NBA Ballers: Chosen One

I listen to Public Enemy, I write about Public Enemy, I worship Public Enemy. It’s no secret. So friends sometimes ask me whether Flavor of Love bothers me, whether the spectacle of American pop culture devouring and defecating out a man who once made the same bigoted body shudder in its sleep bothers me.

I take the high road, the long view; I take the Chuck-ian view. He’d be generous and circumspect. Public Enemy represents many elements of the black American experience, and many of them contradict each other. People in Public Enemy have done and said worse. Flav was always a jester and never a radical. I congratulate myself on a considered and difficult answer. I scuttle back down, safe, into my hip-hop hobbit-hole.

Scholarly distance is an excellent coping mechanism, one which I’d probably still be hiding behind if not for a sentence in the Midway promotional copy for NBA Ballers: Chosen One. It’s a sentence, a fact, an emotional cluster bomb:

Chuck D, the famed front man and founder of Public Enemy, will serve as announcer and studio-host for the Chosen One tournament, and also provide play-by-play commentary throughout the game.

I can’t turn to Flava for guidance on how to deal with this. I know what Flav would say. He’d say, “Get Money Chuckeee D!”, and that’s not helpful.

Still, the Rhyme Animal + NBA Ballers equation could work, if only as a tasteful paean to the confluences of “B-boy” and “B-ball”. After all, the NBA Street series captures these two cultures admirably. It’s not exploitative or lazy when the immortal Pete Rock beat from T.R.O.Y. drops over the opening credits of NBA Street Vol. 2; it feels respectful, earned, appropriate.

Well, I’m sorry to announce that the Rock Steady Crew and Mark Ecko were not consulted on this project. Midway found other qualities after which to model their game: NBA Ballers: Chosen One is a tasteful paean to baffling design and wasted talent.
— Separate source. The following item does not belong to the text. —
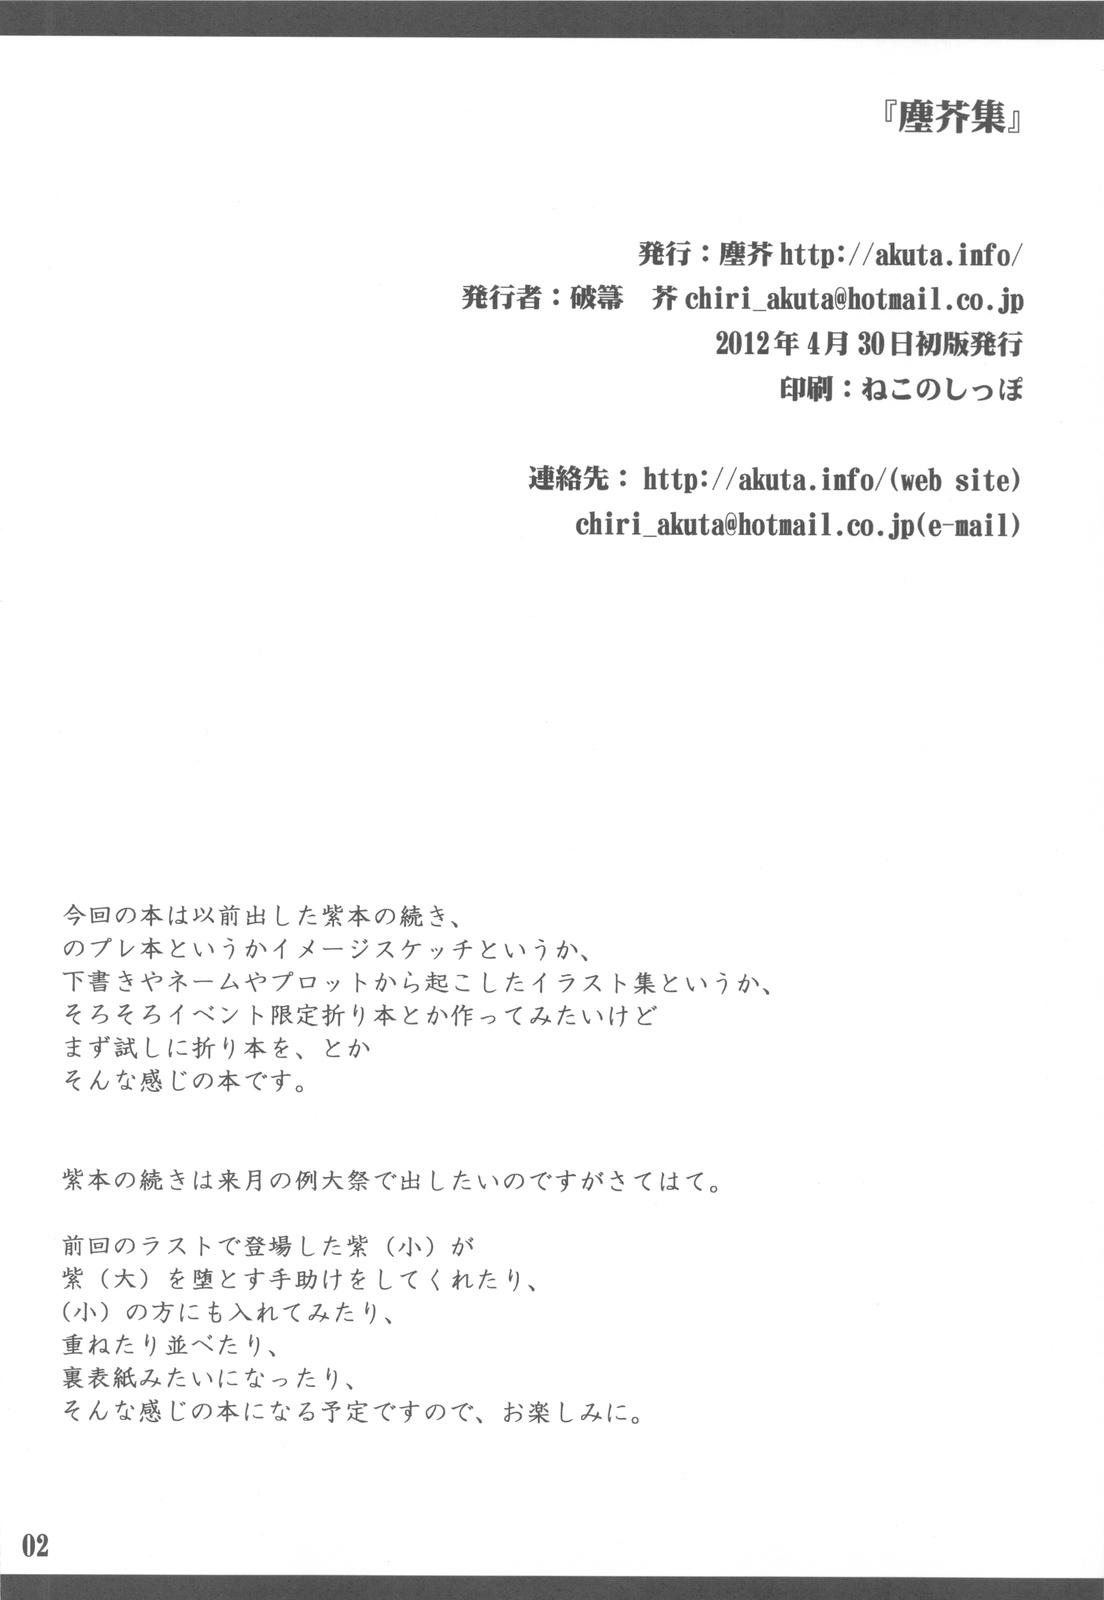 Gang Chiriakuta shuu - Touhou project Trap - Page 2

So, yes, the man who was once Louder Than a Bomb is now the volume of a groggy Stuart Scott. Sitting solitary in a totally anonymous, ESPN-on-a-budget studio, Chuck looks and sounds like a 48-year-old who knows much better. Consigned to exclaiming things like “dunkalicious goodness!”, he makes little effort to hide his sheepishness or generally justify his presence in the game. It all feels random, lazy, and confused: if Midway wanted a bland announcer for the game, couldn’t they have asked Greg Anthony?
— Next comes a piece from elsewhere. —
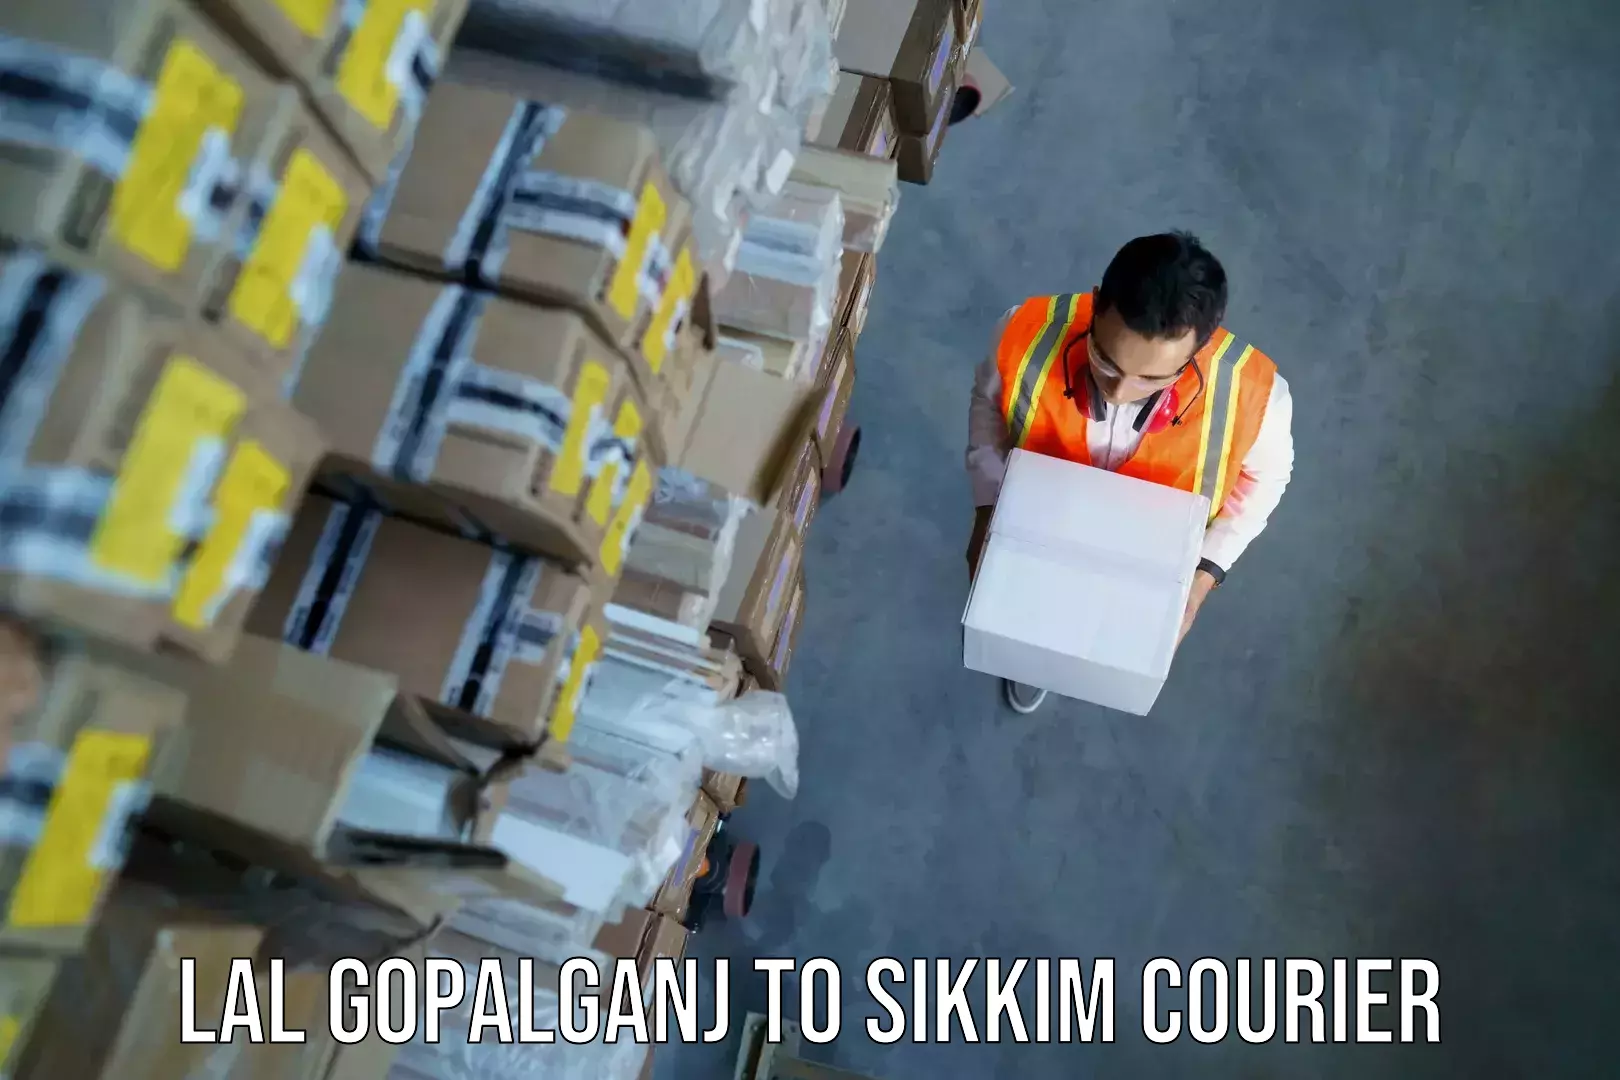 Luggage forwarding service Lal Gopalganj to East Sikkim

Chuck’s commentary is only one instrument in a grating symphony of outrageous ideas that never harmonize. The game leverages an insultingly contrived premise — the NBA’s best compete in an off-season tournament of skill to determine the world’s greatest ‘Baller’ — into an excuse to move the action between opulent locales the world over. Arcade sports games do not need premises, and the laughable one in NBA Ballers just raises questions. I want to see Gilbert Arenas, Paul Pierce, and Lebron James play a game of 21 in a Chinese monastery just as much as the next guy, but I absolutely do not want to know how and why they got there.

Repetitive and herky-jerky gameplay ensures that the Robin Leach-approved settings quickly lose whatever meager appeal they muster. The players control like antique Sherman tanks. The basic strategy for winning any 1-on-1 game — pulling off enough trick moves and combinations to set up multiple-point, action-halting special shots — inevitably devolves into frantic tapping of the trick button on offense and the steal button on defense. I call it basketball videogame mutually assured destruction, which is about as fun as it sounds.
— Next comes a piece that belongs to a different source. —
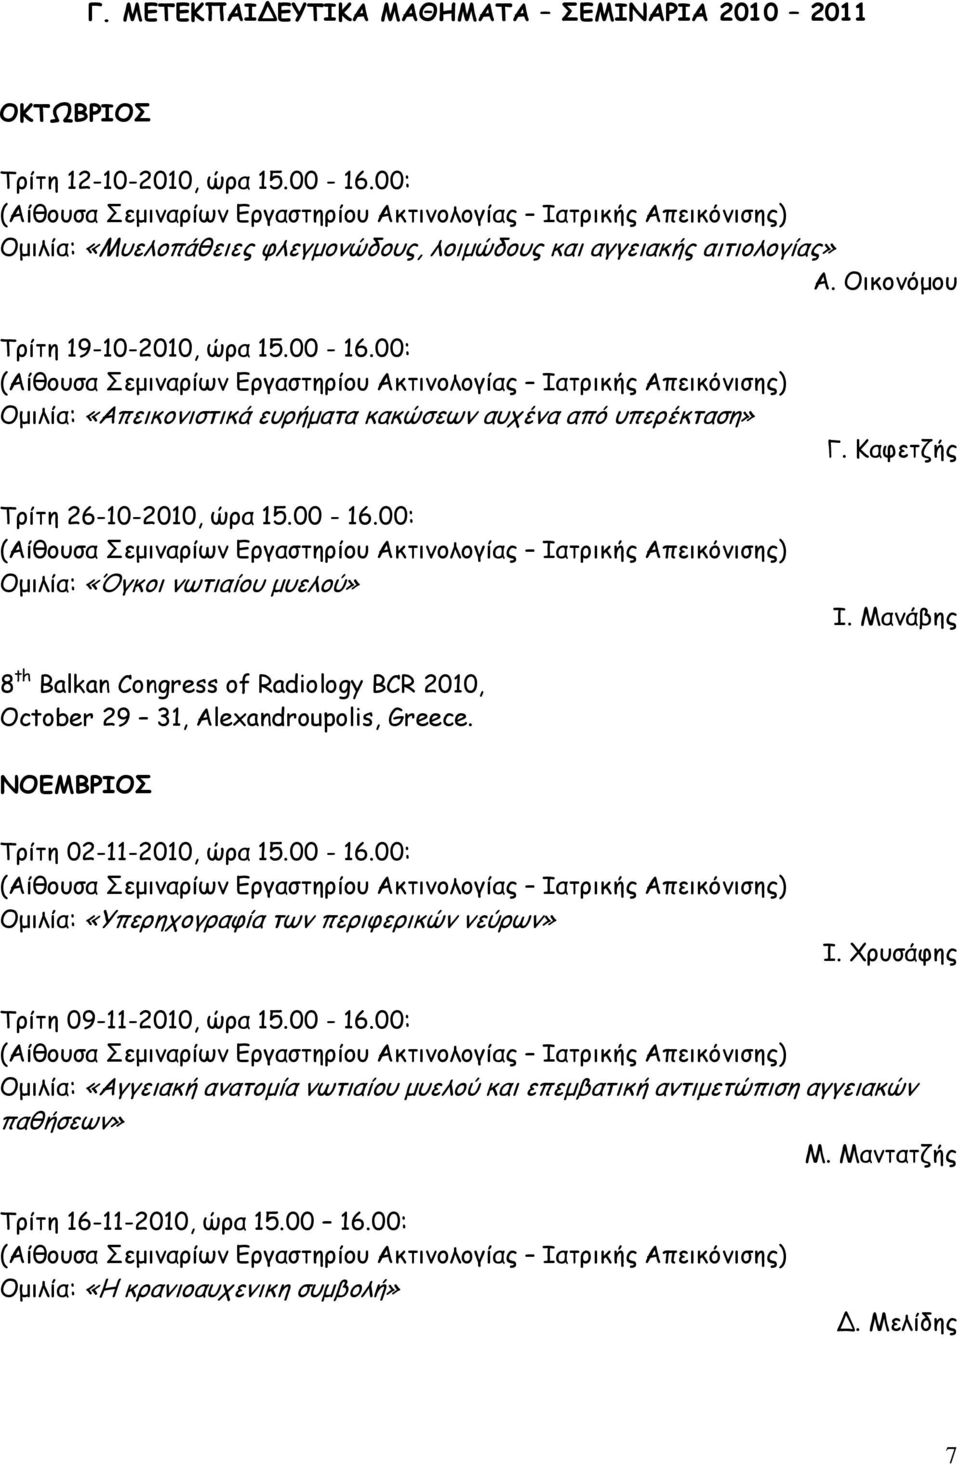 Μανάβης 8 th Balkan Congress of Radiology BCR 2010, October 29 31, Alexandroupolis, Greece. ΝΟΕΜΒΡΙΟΣ Τρίτη 02-11-2010, ώρα 15.00-16.00: Ομιλία: «Υπερηχογραφία των περιφερικών νεύρων» Ι.

Arcade sports games have always been better than simulations at two things: letting the player easily experience the most exciting aspects of a given sport, and communicating the culture of that sport. One learns more in a single game of NFL Blitz about the American spectator’s appetite for steroidal collision than in ten simulated seasons of Madden; Midway’s own 15-year-old NBA Jam conveys what the average fan loves about basketball in a way the newest NBA Live never can.

NBA Ballers: Chosen One does neither. Whose wildest hoop dreams involve Clyde Drexler taking Dwyane Wade one-on-one in a Dubai palace as Chuck D bellows that the Glide has a level one power move stored up? And what do the creativity and spontaneity that make basketball an internationally revered sport have to do with repeatedly tapping the same buttons so you can freeze the action and deliver an 18-foot jumper off the backboard via bicycle kick?

As a sports lifestyle game, Ballers is a lazy mishmash; as a basketball game, it’s repetitive and unexciting. My recommendation for a great NBA Ballers experience? Put your frequent flier miles towards a trip to Dubai. Bring along your SNES and a ghetto blaster. Post up at whatever 7-star monstrosity your budget allows. Pop in NBA Jam. Bump Fear of a Black Planet as loud as culturally permissible. BOOMSHAKALAKA.